Ce roman c’est le passage de l’enfance à l’âge adulte, du rêve et de la réalité qui se carambole, des grands sentiments à la platitude de la vie de tous les jours.

Ce roman c’est l’amour profond, pas celui qui se cache derrière de faux bons sentiments celui qui vous récompense d’un sandwich à la crème glacée quand vous êtes punis à l’école, (mais sans lever la punition), pour avoir défendu un autre élève.

Ce roman c’est du bonheur, partout, dans la petite misère, dans le rituel des repas, dans le lavage des cheveux, dans les 13 minutes d’utilisation de la salle de bains par personne, dans une boîte de chocolats, dans l’entraide et l’empathie des gens du même quartier.

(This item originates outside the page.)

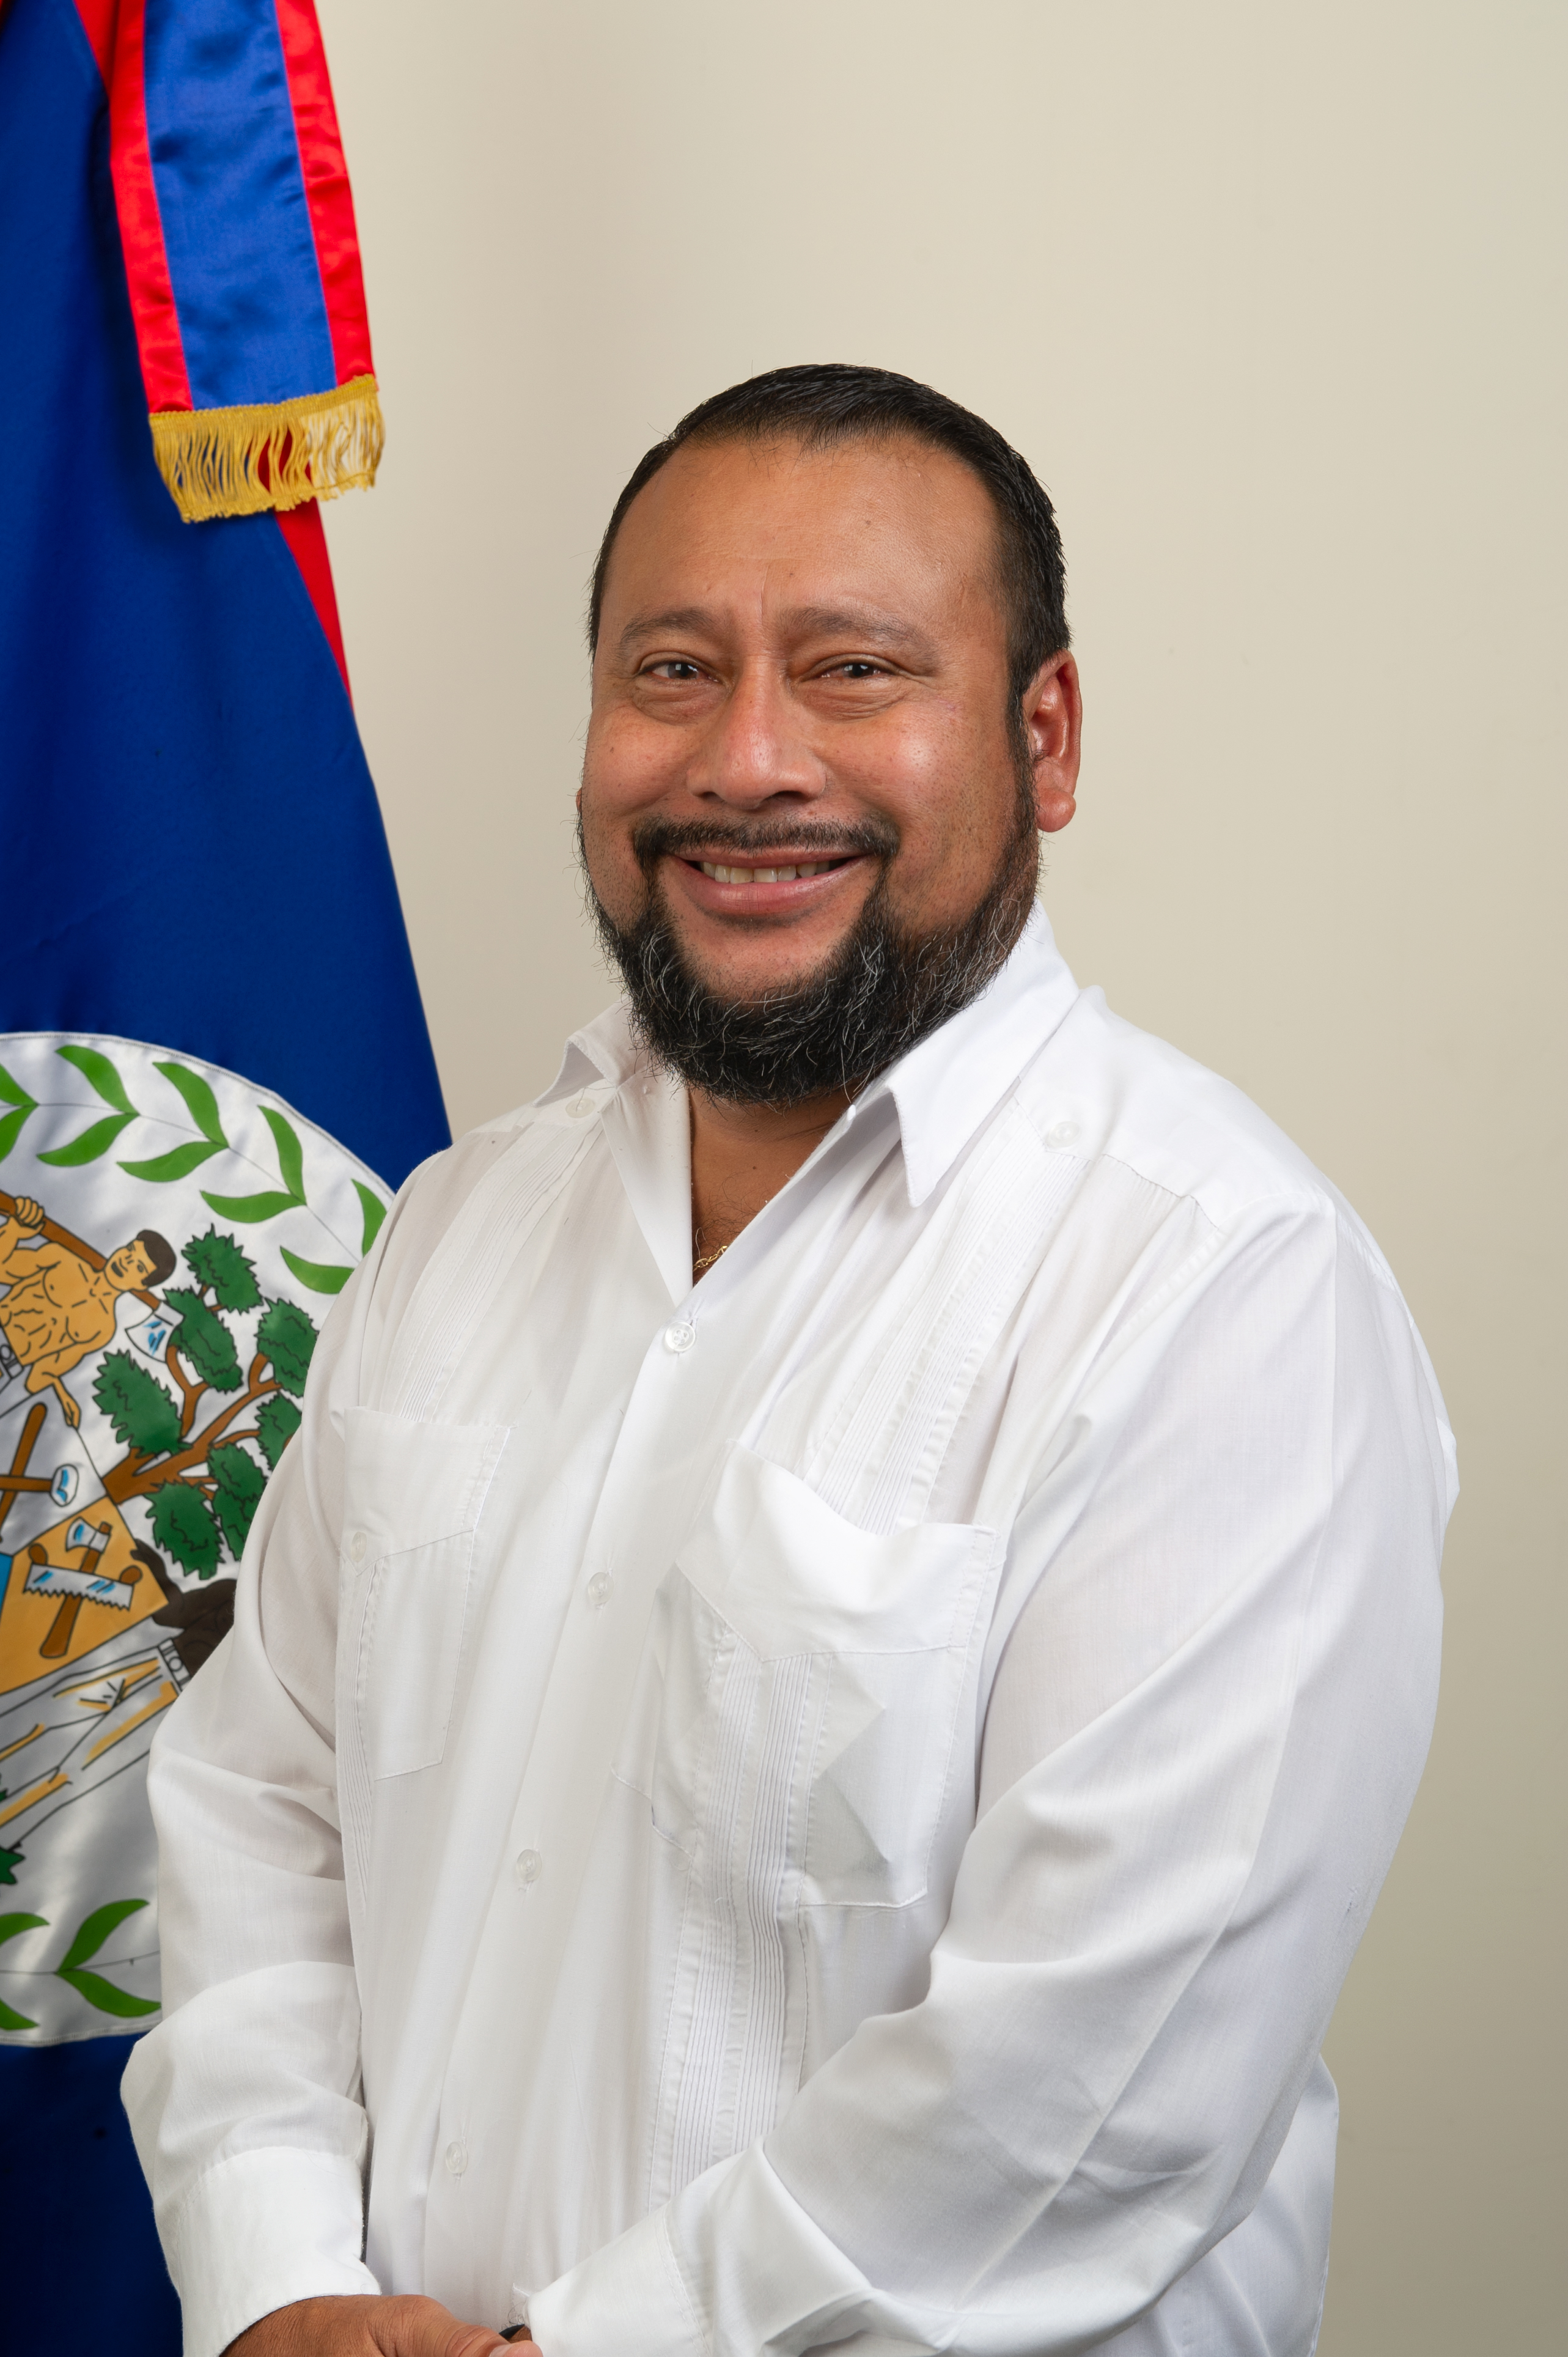 Hon. Jose Abelardo Mai

Ce roman c’est du plaisir, rien que du plaisir, même quand c’est triste, même quand vous avez envie de pleurer, même quand des personnes meurent parce que ce roman c’est la vie et que la vie finit toujours par la mort.

 

C’est sur que les puristes de la langue vont trouver à redire alors je les renvoie au billet, , de Karine, (la saguenéenne patrouilleuse, danseuse de flamenco et de baladi et en plus qui dit qu’elle travaille avec des cretons*).

*C'é t'une ogresse vue que les cretons ça se mange.

Les avis de Yue Yin, de Jule, et de Karine.

 

La petite et le vieux de Marie-Renée Lavoie, XYZ éditeur, 236 pages, Roman

*ouais ** bon *** très bon **** j'aime

 

Le bémol du Papou : J'aime pas beaucoup le titre avec son rapport certain au vieil homme et la mer, mais c'est juste pour dire, alors, je dis.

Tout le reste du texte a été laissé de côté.